When it gets to be too much, when your anxiety feels like a vice closing around the throat, when you lose the sense of who you are, you take long drives the way you used to when you were younger, in your teens feeling teen angst, and the only way to alleviate this tightness is to be alone behind the wheel with the music turned up so high you can’t hear anything.

You drive. No destination. With the purpose of getting lost.

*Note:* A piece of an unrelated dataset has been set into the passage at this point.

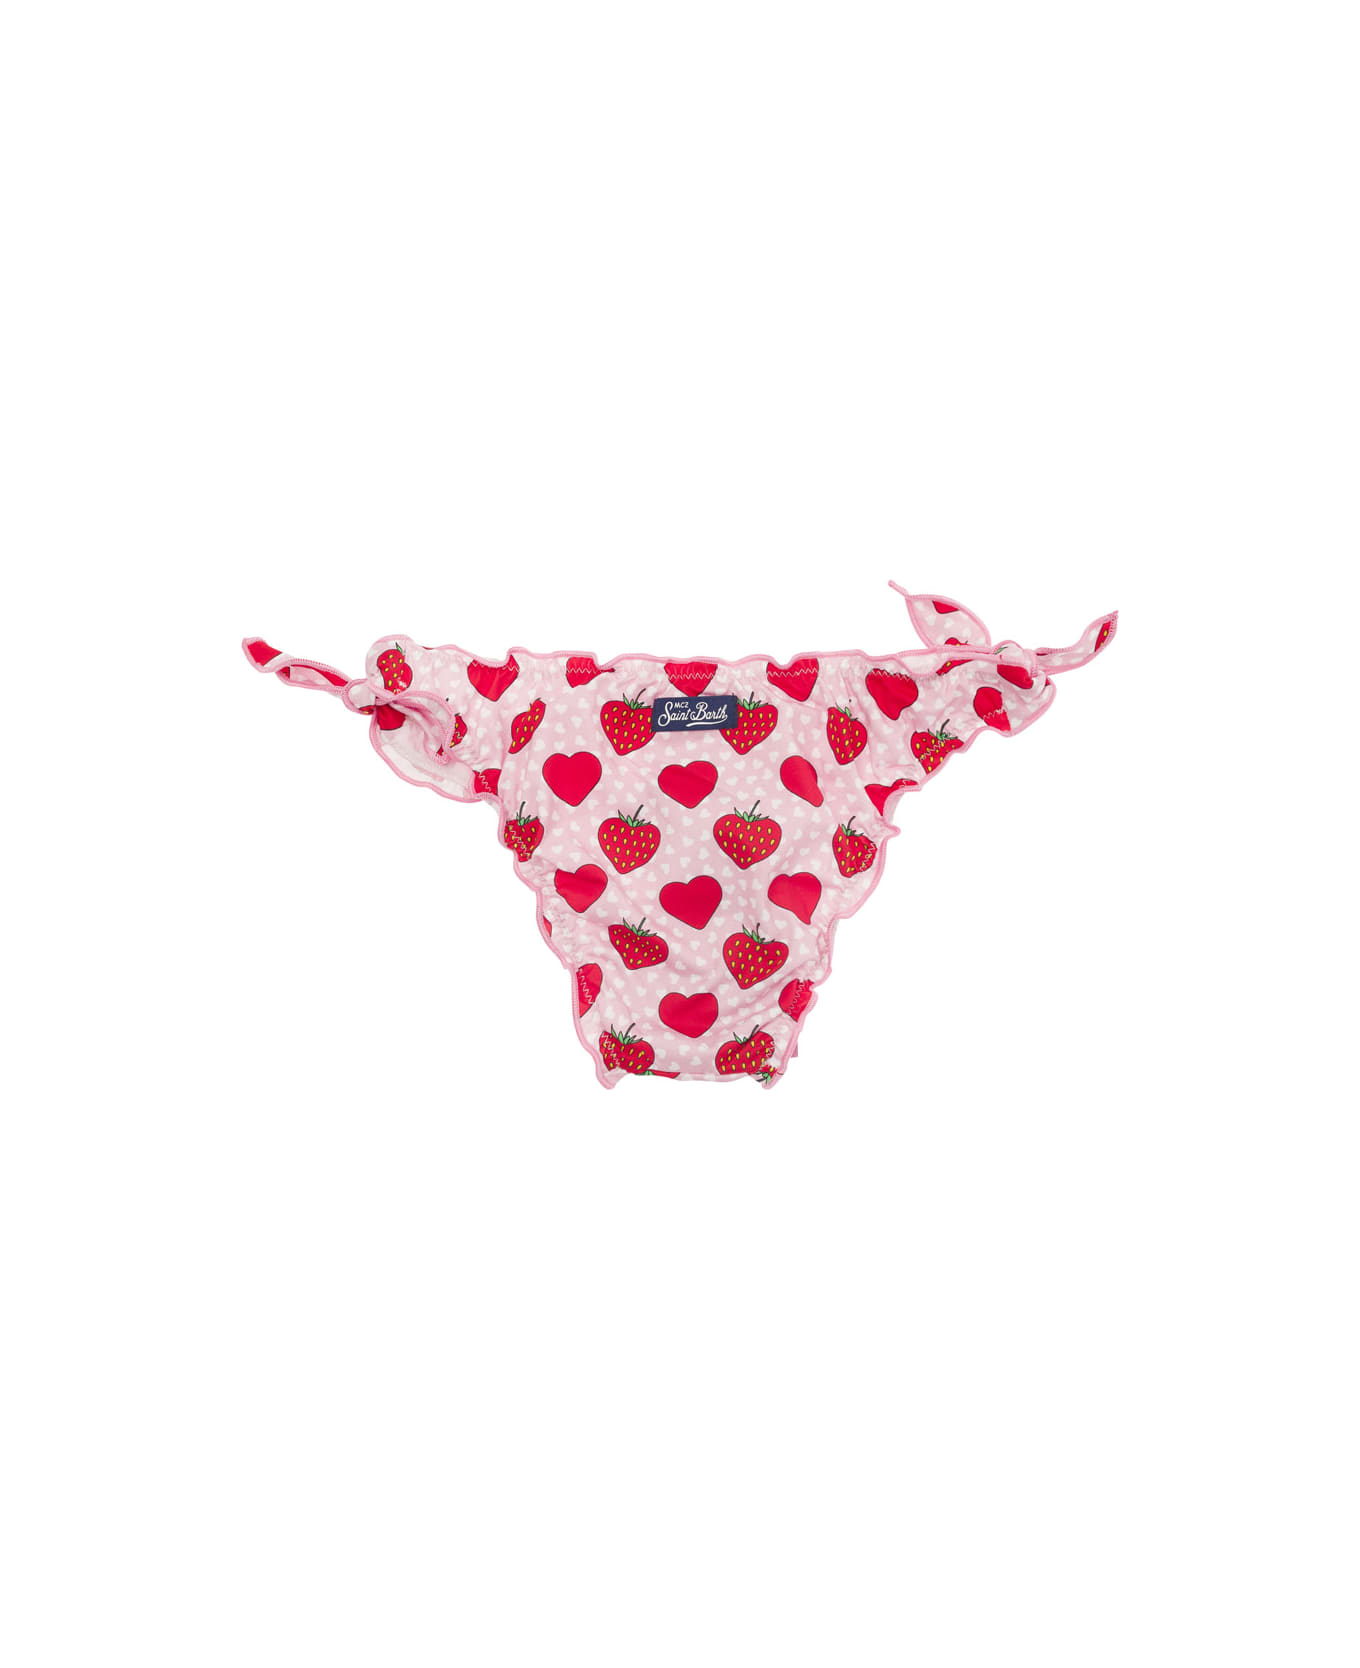 MC2 Saint Barth Pink And Red Bikini Bottom With Strawberry Print In Stretch Fabric Girl - Multicolor

To lose yourself in rural Ohio is easy. Fields lead to more fields to more fields. Roads are so flat you can see miles and miles ahead. Directions — north, south, east, west — lose meaning because you are headed nowhere, and nowhere can be anywhere as long as you keep your foot on the gas. Picking the right songs is vital. To drive to the wrong song can have the opposite of effect of intention, which is to settle and calm, so you can exist and thrive. On these drives the songs are never the same. Sometimes it’s some sappy love tune by Air Supply or Chicago or Luther Vandross. Sometimes it’s the electric guitar stylings of the early 90s hair bands like Bon Jovi or Winger. Sometimes, like this time, its Dr. Dre and Busta Rhymes and Eminem and A Tribe Called Quest and Snoop Dog and Queen Latifah and Big Poppa. And somewhere between some farm and some small town, on some small road, somewhere an hour far from home, you are becoming more aligned when you receive a text that reads: He’s asking where you are, and you turn on the GPS to get home, realizing, as you always do, you can never truly be lost, especially when someone is waiting. When you arrive, that someone will run and embrace your legs and say, “Daddy,” with utter joy. He will hold you tight, bury his face into your thigh, and you will pick him up, noticing in the weeks at home how he keeps growing heavier and longer, and you will kiss both cheeks and forehead, and you will say, “Daddy’s back. He’s not going anywhere. Let’s play.”